This photo was taken near the same place as Picture #1 but but further downstream at the site of the clean up. The flow of the river has been routed around the spill impacted tributary with the berm at left preventing contact at the mouth of the small stream. The large trucks were used to store drilling mud vacuumed from the river and tributary and to take them away form the site. For more information about the spill and its effects and mitigation see InfoLinks. Photo by Pat Higgins. July 31, 1992.
This berm was erected immediately above the tributary impacted by the ATT drilling mud spill. For more information about the spill and its effects and mitigation see InfoLinks. Photo by Pat Higgins. July 31, 1992.

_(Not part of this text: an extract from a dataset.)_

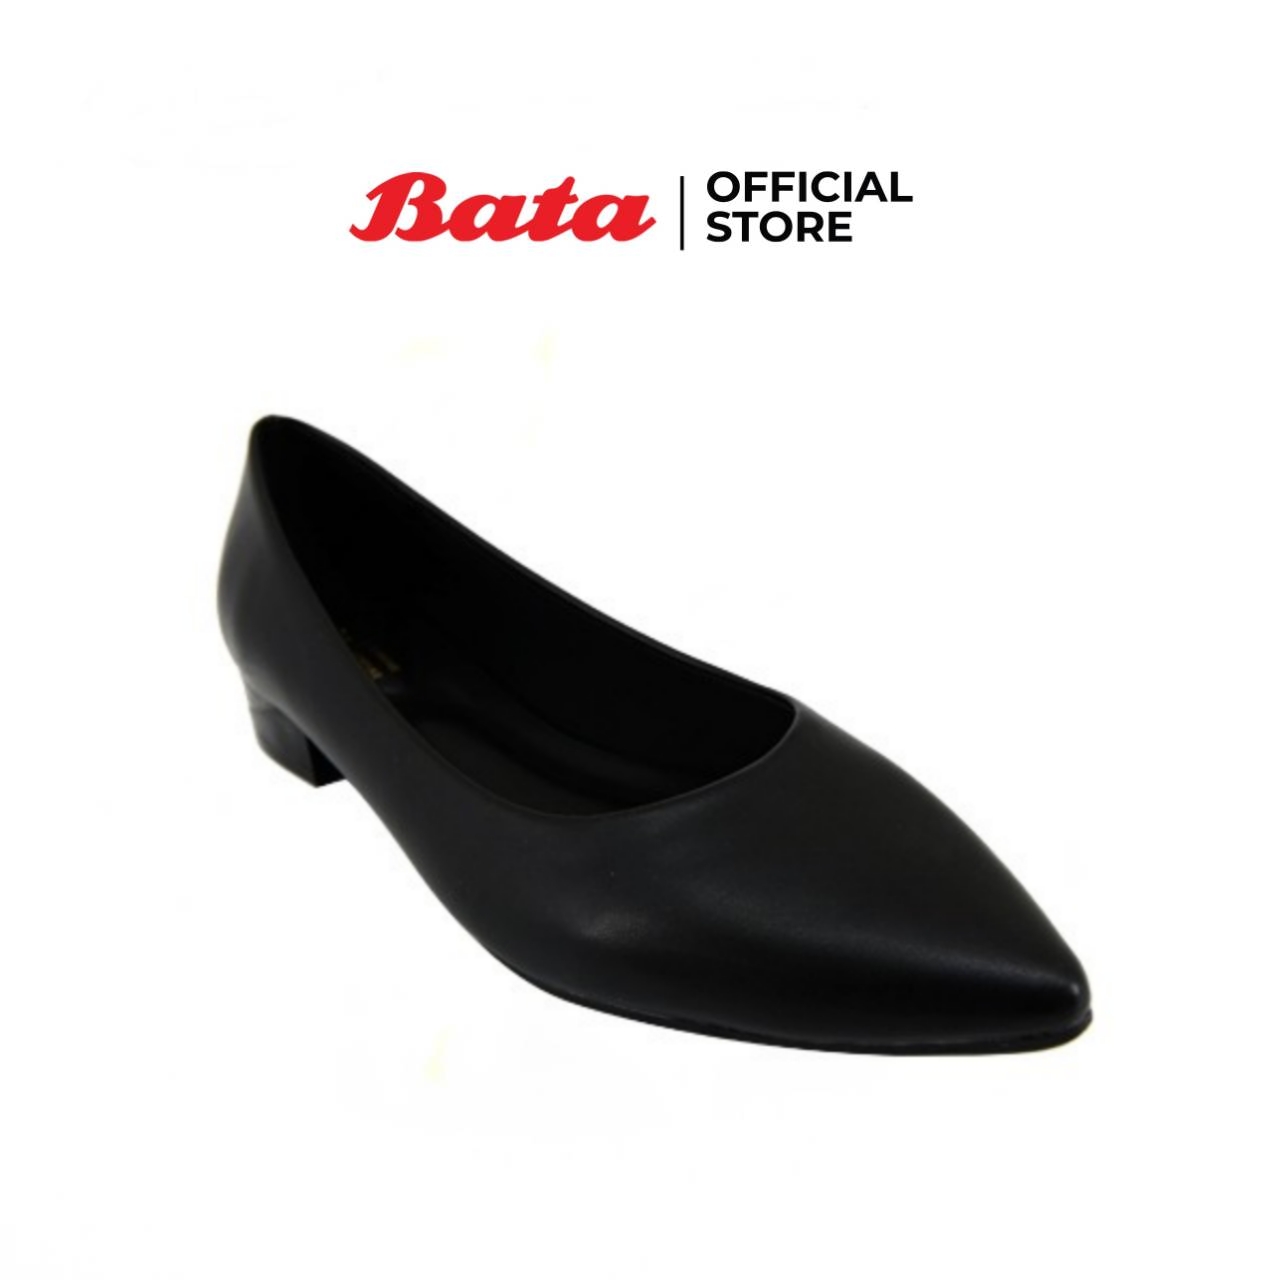 Bata LADIES CASUAL BLOCK HEEL รองเท้าลำลองแฟชั่นหญิง แบบสวม ปิดส้น สีดำ รหัส 6516326 / สีเบจ รหัส 6515326 Ladiesflat Fashion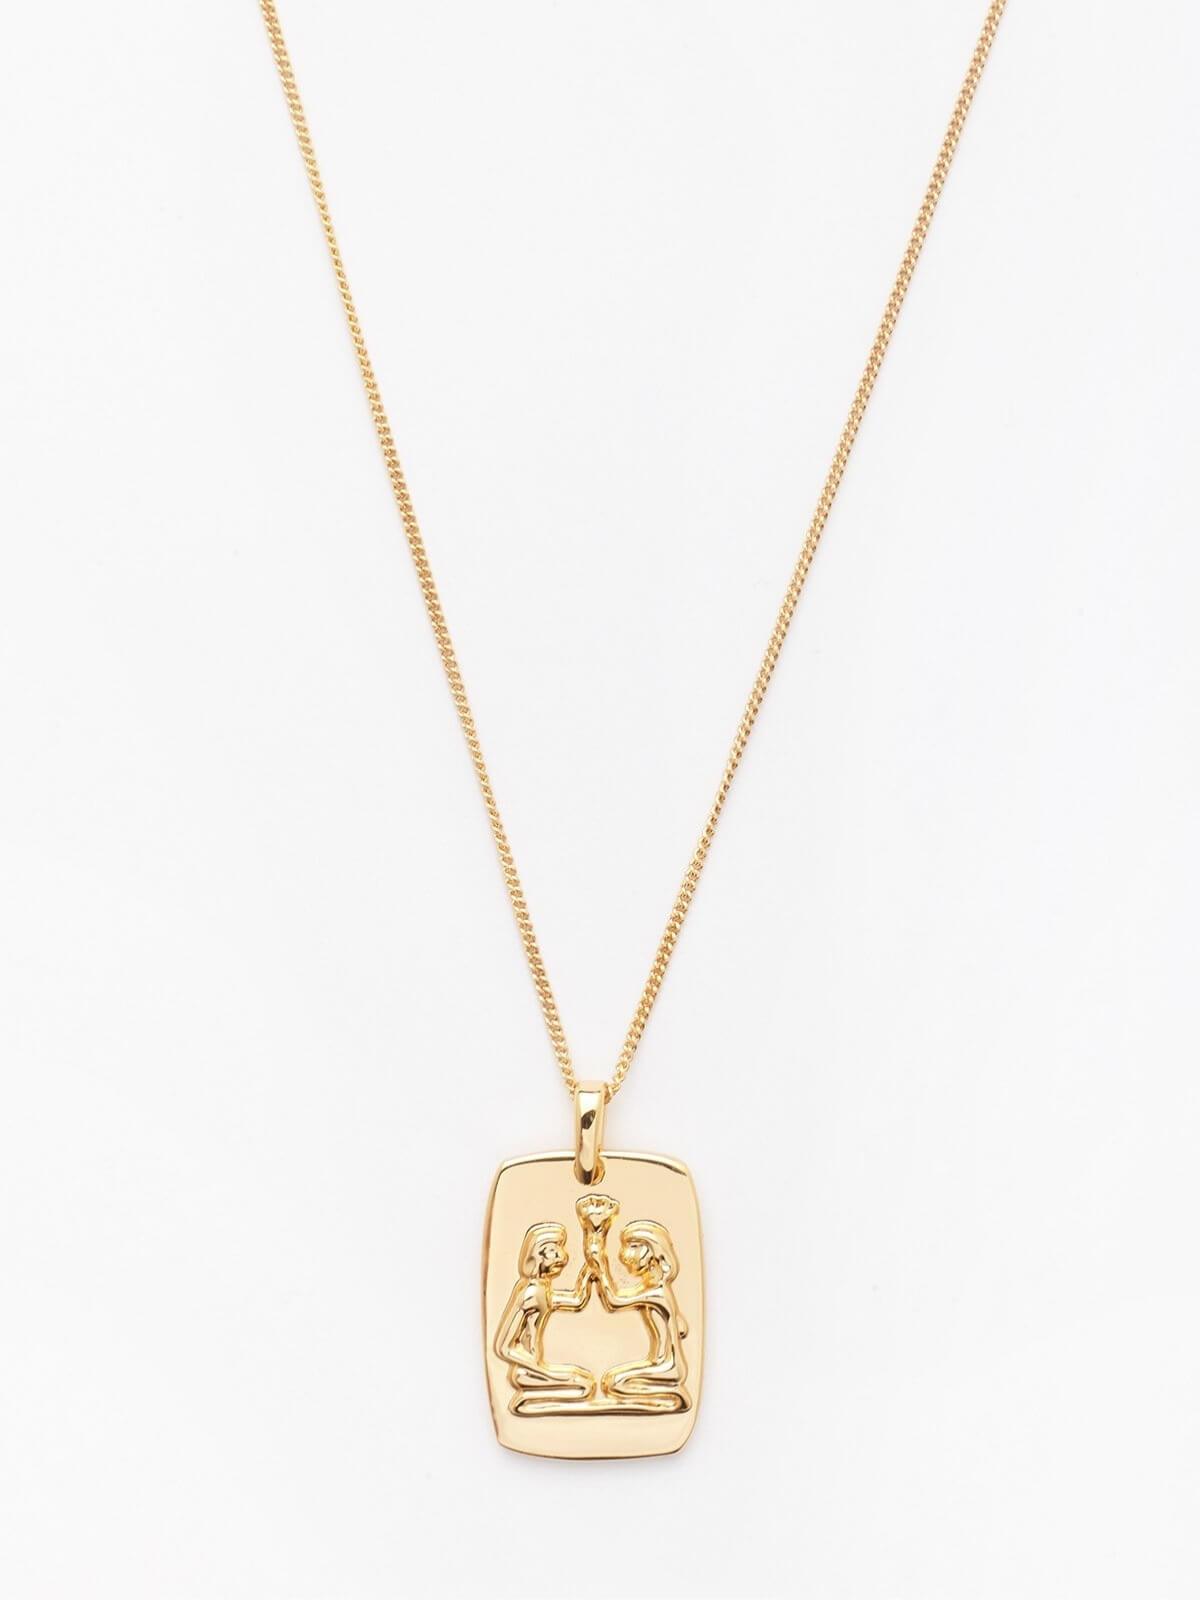 Zodiac Gemini Gold Pendant Necklaces Reliquia

This photo shows the impacted tributary below where drilling muds had been spilled into the creek. This creek had a colony of Pt Arena mountain beaver and a coho salmon juvenile was found by the California Department of Fish and Game. For more information about the spill and its effects and mitigation see InfoLinks. Photo by Pat Higgins. July 31, 1992.
The bottom of the Garcia River downstream of the spill was covered with drilling muds, which are mostly bentonite clay, a relatively inert substance. The clay did smother some aquatic insect species and major differences were seen in the community upstream and downstream of the spill. For more information about the spill and its effects and mitigation see InfoLinks. Photo by Pat Higgins. July 31, 1992.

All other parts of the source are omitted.